Extract

When former Attorney General William Wirt addressed the rising generation at Rutgers College’s 1830 commencement ceremony, he turned to common themes of constitutional duty and danger. Observing ‘collisions between the Federal and State authorities’, the orator fretted that the national fathers’ ‘children will, in their wantonness, pull down the noble edifice which it cost them so much pains and anxiety to build up for our happiness’. The audience must take up the mantle of constitutional preservation, ‘to protect and defend your institutions, and hand them down unimpaired, to your posterity’. But how?
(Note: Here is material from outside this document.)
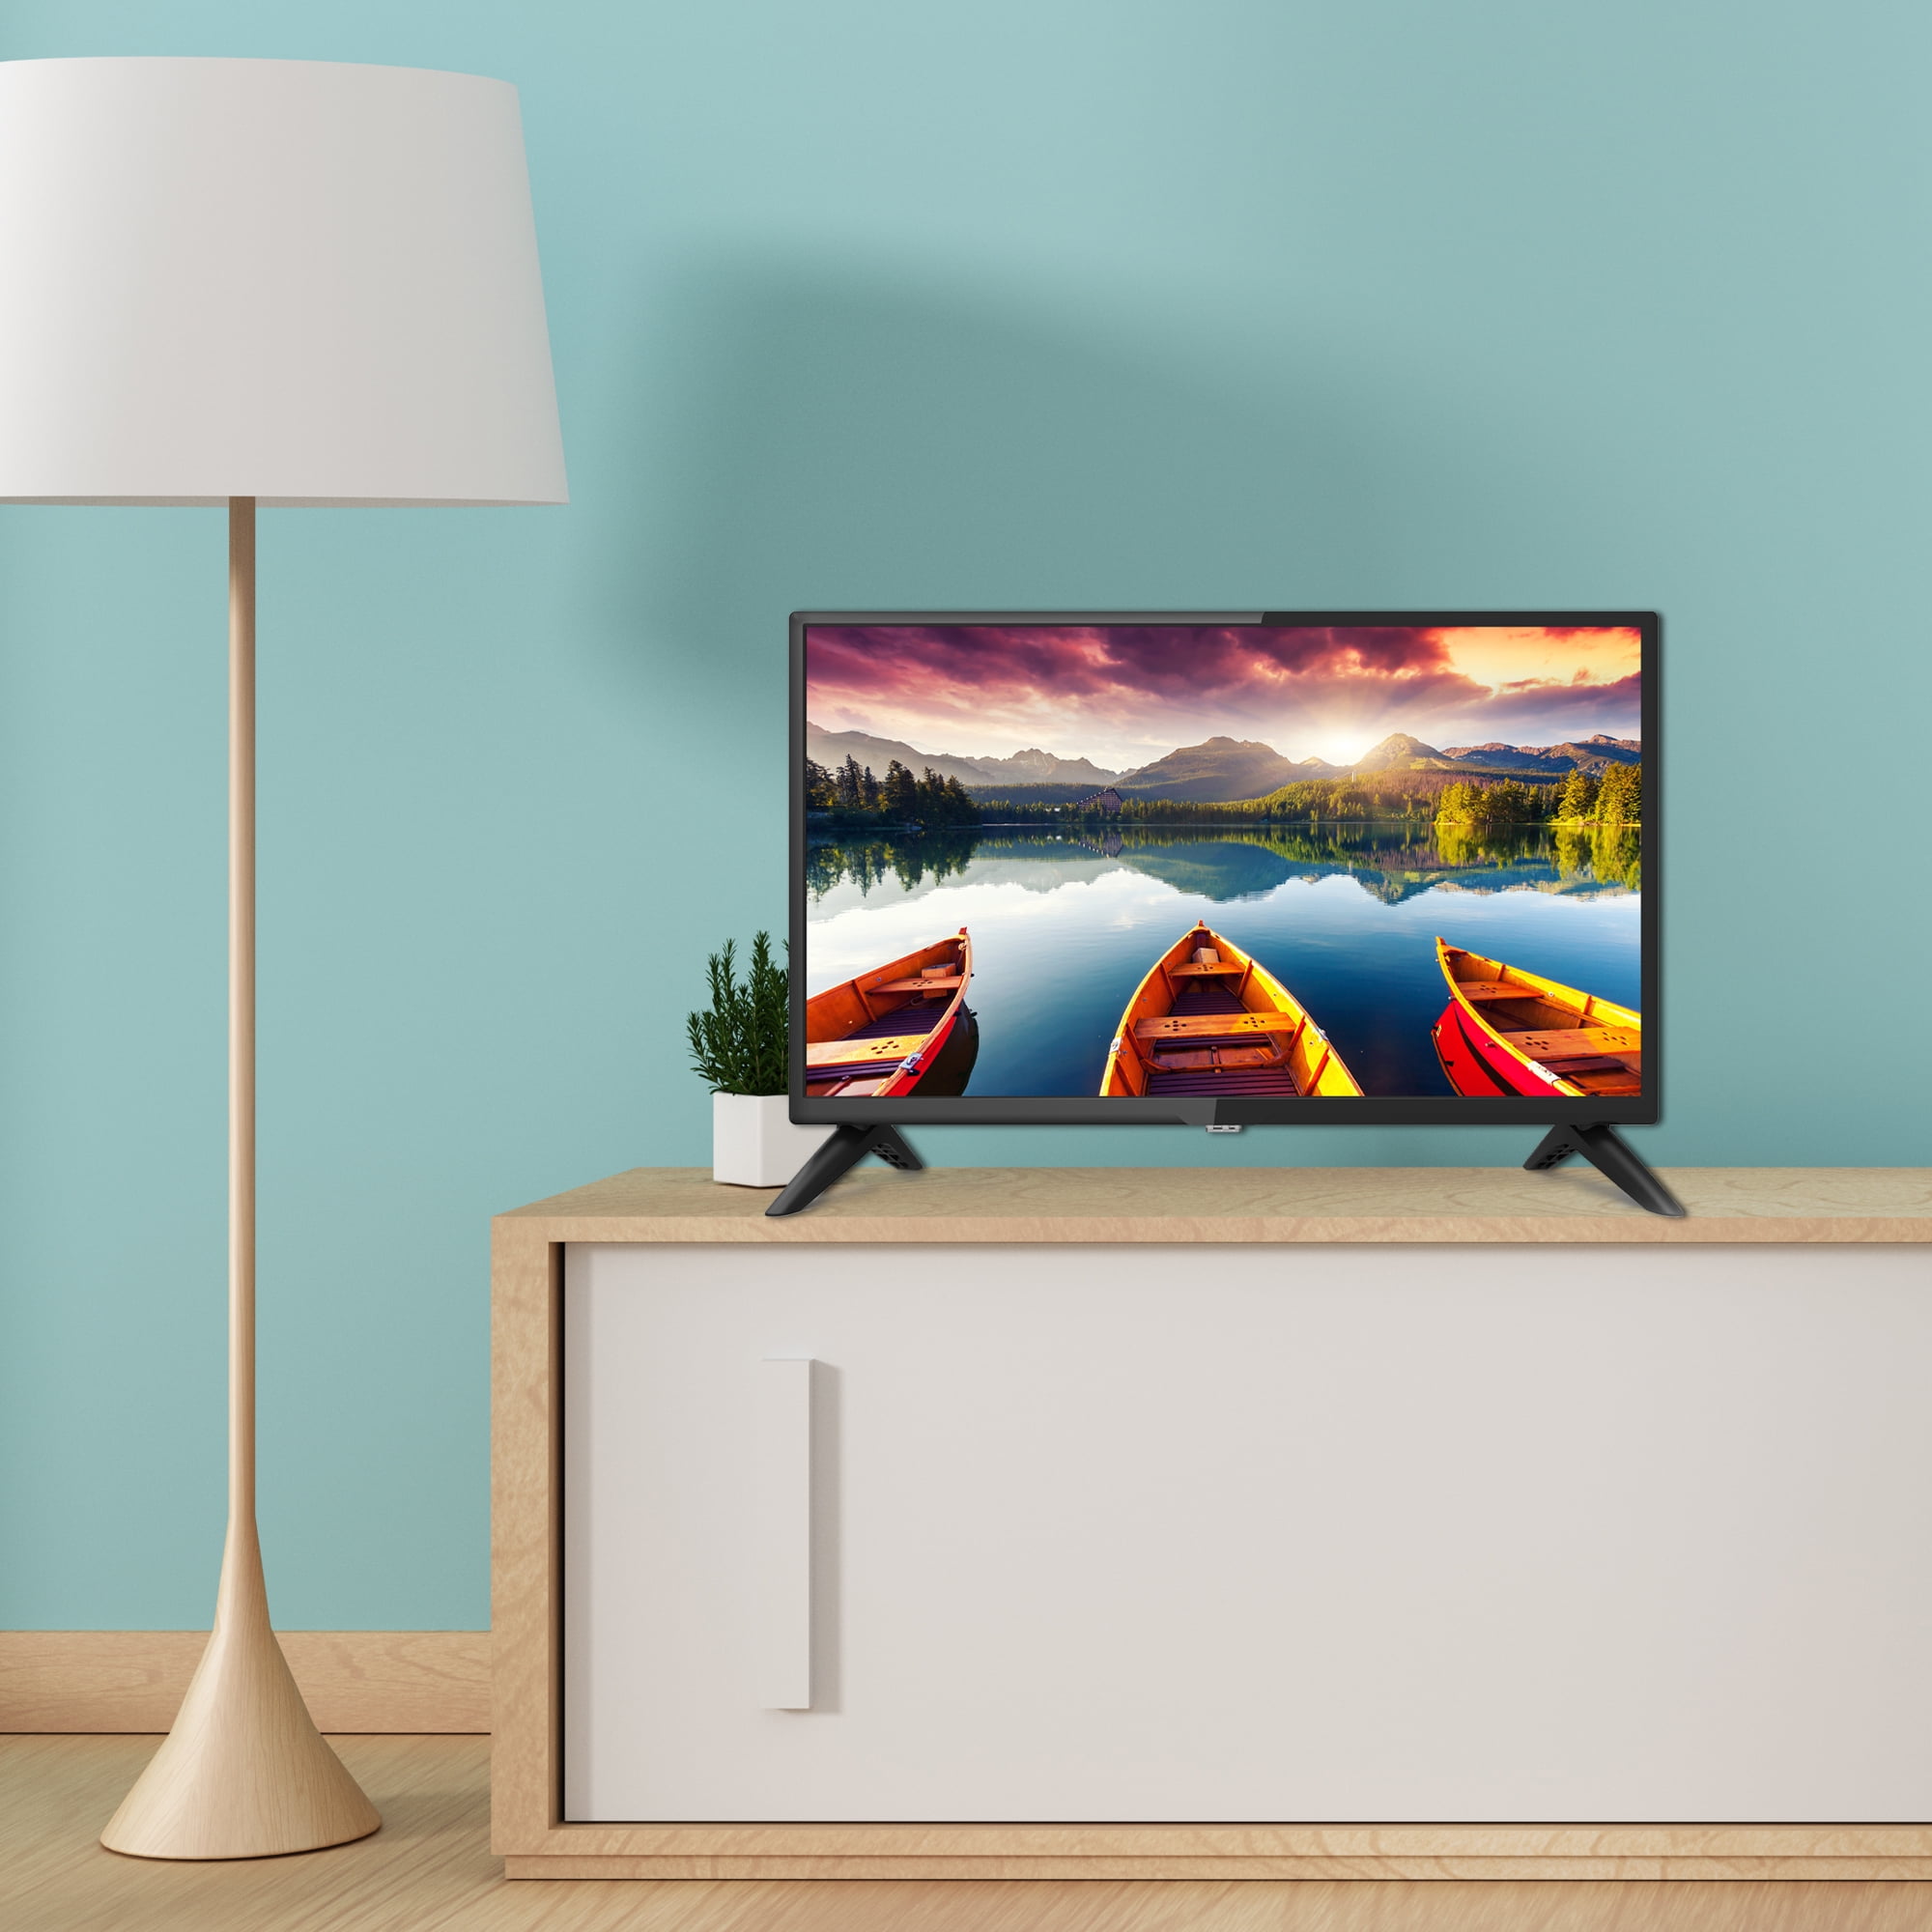 Impecca Monitor de TV LED HD de 24 pulgadas TL2400H Energy Star Slim Design  720p, altavoces integrados con múltiples entradas HDMI, puertos USB y

An indispensable step was to learn and obey constitutional truths, available in the ‘justly celebrated essays of the Federalist’ along with the ‘constitutional opinions of Chief Justice Marshall’. The Constitution and Union depended on reverence, education, and compliance.1

The recent publication of two remarkable books of constitutional history summon attention to Wirt’s concerns about American constitutionalism. Alison LaCroix quotes the oration in introducing The Interbellum Constitution, a revelatory tour of the ghosts of federalisms past.2 LaCroix explores what the constitutional Union could mean to jurists like Wirt and their communities in debates over commerce, concurrent power, and jurisdictional multiplicity between 1815 and 1861. Aziz Rana’s monumental The Constitutional Bind chronicles the Constitution’s place in American political life, focusing on veneration and its antipode, discontent.3 Rana tells a twentieth-century story, but Wirt’s reverent pleas for preservation connect directly to Rana’s titular promise to explain ‘How Americans Came to Idolize a Document that Fails Them’. Betraying concerns about both federalism and veneration, Wirt raised questions surrounding the Constitution’s practical and cultural meaning. LaCroix and Rana each follow a different branch of these problems. Wirt’s plea to the rising generation reminds us that these matters were entwined for those who experienced them.